> EXERCISE REQUIREMENTS: Across all the records, filter for lines with the word "Dress" and copy them.

= Beginning of Section =

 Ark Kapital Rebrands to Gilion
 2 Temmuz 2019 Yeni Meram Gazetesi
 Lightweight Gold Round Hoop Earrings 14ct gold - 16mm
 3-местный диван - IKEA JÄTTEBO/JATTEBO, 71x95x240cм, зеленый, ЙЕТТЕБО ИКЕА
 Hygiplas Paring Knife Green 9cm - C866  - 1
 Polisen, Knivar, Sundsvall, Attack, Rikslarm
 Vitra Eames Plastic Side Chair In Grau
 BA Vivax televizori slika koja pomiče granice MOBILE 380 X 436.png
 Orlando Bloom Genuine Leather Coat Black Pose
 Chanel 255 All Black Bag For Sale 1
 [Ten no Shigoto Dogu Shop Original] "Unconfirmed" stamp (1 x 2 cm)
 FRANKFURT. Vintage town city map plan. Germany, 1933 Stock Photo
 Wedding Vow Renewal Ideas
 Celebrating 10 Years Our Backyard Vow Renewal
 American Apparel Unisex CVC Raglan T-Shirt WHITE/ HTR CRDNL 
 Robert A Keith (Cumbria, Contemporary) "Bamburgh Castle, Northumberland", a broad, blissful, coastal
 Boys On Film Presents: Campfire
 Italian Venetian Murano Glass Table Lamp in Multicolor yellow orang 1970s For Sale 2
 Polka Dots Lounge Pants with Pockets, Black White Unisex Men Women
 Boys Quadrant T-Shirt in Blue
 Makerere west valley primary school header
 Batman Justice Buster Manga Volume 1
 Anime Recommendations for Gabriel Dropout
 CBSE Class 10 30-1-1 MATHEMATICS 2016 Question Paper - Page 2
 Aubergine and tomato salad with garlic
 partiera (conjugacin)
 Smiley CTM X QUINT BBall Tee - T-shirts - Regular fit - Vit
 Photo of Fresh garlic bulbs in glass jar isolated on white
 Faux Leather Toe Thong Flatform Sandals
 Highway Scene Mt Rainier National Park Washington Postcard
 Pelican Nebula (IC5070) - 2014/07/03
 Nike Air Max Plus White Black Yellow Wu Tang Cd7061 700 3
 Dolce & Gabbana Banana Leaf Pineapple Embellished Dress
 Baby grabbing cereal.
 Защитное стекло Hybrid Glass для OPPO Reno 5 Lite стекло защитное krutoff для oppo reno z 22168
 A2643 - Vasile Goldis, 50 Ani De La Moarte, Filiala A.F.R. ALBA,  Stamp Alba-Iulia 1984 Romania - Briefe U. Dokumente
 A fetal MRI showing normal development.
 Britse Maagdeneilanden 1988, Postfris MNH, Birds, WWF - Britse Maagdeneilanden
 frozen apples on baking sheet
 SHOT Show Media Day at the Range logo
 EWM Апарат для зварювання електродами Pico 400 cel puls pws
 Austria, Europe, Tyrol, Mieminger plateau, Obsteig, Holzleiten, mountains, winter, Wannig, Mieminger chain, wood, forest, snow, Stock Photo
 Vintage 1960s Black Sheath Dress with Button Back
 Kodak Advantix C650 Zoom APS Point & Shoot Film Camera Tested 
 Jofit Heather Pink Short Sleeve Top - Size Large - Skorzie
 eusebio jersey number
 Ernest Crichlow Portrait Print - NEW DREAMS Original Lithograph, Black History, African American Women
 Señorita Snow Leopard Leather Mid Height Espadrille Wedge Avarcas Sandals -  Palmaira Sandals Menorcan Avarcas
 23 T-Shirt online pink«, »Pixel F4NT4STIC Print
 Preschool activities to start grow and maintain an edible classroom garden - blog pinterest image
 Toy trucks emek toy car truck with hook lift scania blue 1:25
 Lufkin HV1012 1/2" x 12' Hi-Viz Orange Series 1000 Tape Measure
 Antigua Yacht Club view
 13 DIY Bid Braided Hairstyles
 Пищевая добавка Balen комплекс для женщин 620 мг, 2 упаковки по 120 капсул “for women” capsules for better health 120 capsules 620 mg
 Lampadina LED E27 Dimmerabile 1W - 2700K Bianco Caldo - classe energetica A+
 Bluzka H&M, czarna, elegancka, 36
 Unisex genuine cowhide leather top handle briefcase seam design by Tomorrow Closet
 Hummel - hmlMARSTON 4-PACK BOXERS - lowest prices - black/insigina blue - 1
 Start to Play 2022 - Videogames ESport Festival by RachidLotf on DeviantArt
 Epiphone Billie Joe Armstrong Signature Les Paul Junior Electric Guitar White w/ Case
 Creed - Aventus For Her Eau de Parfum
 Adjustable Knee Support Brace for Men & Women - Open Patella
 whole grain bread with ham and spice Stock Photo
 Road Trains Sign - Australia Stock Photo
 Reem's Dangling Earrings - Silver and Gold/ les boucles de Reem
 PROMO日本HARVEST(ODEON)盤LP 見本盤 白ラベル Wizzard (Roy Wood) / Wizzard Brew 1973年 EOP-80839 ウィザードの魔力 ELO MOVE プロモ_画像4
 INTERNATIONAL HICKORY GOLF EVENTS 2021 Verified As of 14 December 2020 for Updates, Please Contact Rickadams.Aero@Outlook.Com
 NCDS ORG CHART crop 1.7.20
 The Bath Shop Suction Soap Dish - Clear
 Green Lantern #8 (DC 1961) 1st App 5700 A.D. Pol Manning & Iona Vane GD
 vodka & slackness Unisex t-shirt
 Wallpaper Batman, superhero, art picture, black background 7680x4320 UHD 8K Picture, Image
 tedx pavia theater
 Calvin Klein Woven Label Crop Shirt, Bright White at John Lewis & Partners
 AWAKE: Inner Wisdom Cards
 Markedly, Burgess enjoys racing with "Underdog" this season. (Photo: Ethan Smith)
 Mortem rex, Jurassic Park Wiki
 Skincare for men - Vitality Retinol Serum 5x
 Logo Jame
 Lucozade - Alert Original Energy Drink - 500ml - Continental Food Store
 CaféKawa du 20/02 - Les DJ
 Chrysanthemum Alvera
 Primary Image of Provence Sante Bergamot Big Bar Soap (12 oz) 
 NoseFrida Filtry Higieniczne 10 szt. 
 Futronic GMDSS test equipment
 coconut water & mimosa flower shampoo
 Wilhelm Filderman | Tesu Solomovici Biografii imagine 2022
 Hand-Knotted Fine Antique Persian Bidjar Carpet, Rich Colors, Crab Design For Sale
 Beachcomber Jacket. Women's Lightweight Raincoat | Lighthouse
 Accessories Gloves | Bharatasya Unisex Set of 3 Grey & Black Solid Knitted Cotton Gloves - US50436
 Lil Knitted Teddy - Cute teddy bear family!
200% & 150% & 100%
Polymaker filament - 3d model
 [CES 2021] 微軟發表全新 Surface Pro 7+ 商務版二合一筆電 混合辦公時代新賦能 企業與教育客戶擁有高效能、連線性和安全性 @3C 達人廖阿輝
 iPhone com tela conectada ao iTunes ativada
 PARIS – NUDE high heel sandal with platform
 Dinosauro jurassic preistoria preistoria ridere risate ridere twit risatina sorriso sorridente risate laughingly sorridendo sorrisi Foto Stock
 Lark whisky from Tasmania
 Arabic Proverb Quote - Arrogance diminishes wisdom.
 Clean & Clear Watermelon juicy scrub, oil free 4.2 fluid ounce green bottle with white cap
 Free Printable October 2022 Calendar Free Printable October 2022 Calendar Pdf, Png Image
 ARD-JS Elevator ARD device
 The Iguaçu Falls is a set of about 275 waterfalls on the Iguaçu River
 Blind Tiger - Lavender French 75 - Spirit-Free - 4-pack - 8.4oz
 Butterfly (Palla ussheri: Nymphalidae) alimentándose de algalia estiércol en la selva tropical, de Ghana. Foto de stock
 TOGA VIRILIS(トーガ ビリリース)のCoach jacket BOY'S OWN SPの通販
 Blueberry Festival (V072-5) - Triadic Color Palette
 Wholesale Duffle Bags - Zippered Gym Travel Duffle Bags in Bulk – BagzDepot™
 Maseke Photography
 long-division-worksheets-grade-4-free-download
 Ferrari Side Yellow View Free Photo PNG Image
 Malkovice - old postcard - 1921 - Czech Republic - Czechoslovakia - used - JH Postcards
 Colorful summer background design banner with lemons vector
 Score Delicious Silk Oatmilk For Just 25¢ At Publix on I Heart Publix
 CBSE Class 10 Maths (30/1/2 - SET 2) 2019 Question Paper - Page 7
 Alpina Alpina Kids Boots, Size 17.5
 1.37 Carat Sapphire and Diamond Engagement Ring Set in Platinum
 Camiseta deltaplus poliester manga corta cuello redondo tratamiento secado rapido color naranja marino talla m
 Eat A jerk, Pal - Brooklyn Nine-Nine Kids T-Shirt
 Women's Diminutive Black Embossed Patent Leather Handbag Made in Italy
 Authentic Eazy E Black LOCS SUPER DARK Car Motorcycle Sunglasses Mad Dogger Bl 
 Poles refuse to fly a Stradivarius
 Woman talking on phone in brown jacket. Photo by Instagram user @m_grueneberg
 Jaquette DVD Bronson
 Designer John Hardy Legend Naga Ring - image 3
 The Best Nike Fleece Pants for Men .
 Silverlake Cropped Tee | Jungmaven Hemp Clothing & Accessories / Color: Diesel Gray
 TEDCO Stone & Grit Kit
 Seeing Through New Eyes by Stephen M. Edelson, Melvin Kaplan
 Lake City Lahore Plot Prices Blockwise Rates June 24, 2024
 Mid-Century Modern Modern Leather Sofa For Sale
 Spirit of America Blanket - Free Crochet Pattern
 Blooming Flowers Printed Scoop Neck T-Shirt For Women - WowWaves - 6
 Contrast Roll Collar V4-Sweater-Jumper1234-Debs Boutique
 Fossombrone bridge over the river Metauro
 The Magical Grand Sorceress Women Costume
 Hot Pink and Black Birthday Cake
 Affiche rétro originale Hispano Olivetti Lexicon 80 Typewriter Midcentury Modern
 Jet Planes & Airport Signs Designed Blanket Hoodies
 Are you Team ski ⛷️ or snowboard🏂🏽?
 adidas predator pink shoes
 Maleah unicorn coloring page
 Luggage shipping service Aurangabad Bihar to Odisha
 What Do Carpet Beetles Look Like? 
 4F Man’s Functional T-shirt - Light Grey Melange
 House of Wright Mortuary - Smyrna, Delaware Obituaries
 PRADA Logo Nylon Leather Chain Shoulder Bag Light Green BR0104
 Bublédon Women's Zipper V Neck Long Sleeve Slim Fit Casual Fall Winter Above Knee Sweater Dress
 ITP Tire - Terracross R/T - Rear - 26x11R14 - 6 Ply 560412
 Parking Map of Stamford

= End of Section =

> ANSWER SECTION:
 Dolce & Gabbana Banana Leaf Pineapple Embellished Dress
 Vintage 1960s Black Sheath Dress with Button Back
 Bublédon Women's Zipper V Neck Long Sleeve Slim Fit Casual Fall Winter Above Knee Sweater Dress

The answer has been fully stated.